Mid-sized creators want to get money from Patreon because YouTube is Google platform which means it's absolutely unreliable source of income with no one to talk to in case you channel get demonetized or banned. Algorythm can change at any moment and make any mid-sized channel 90% less popular.
And Patreon is kind a exactly what every creator want - to just get support from dedicated fans who going to stick to their content no matter what platform they're on.
Maybe what the market needs is a Substack or OnlyFans-style monetization site for video. This would have the effect of smoothing out revenue streams for creators. I am sure it exists a few times over...
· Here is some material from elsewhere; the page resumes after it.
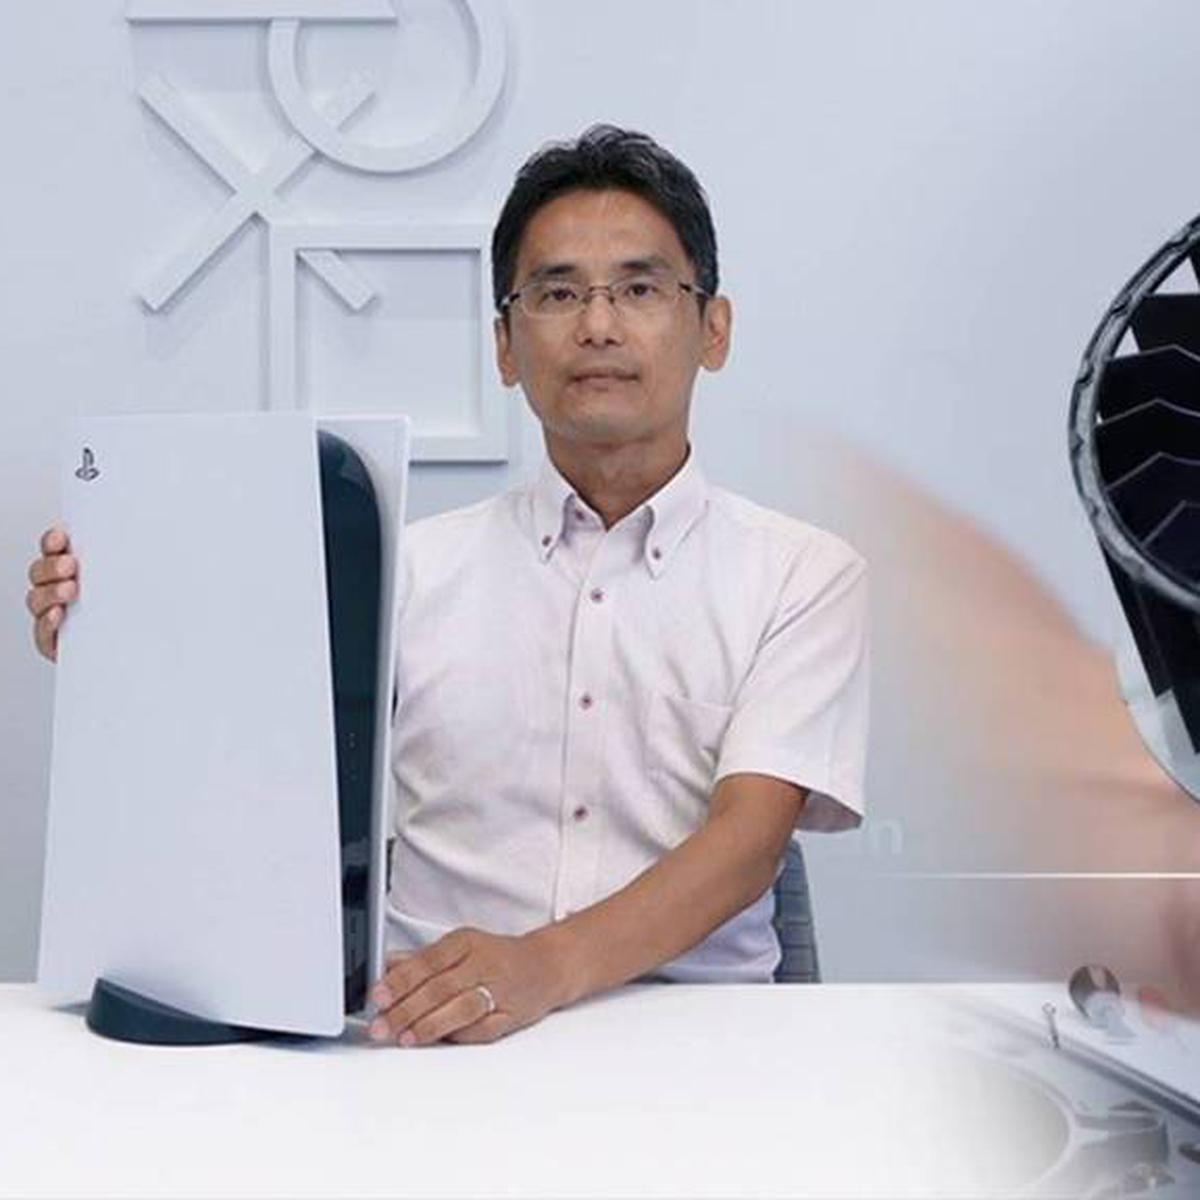 PS5 es tan grande por su ventilador, confirma un ingeniero de Sony

Nebula is probably the biggest and most mainstream, but like Floatplane it has a certain kind of niche it serves, and typically only existing fans of the channels that are available on it join, it doesn't have the same kind of audience that can sustain new content creators who don't already have an audience elsewhere.
For most creators this is the wrong monetization model, or they do it very poorly (E.g. paywall content no one wants to see). Launching merch/products and/or doing brand deals is much more effective.
Thanks for that answer, and I fully agree, it only takes some copyright strikes, algorithm changes, a locked Google account and the money from Google stops.
And Patreon is kind a exactly what every creator want - to just get support from dedicated fans who going to stick to their content no matter what platform they're on.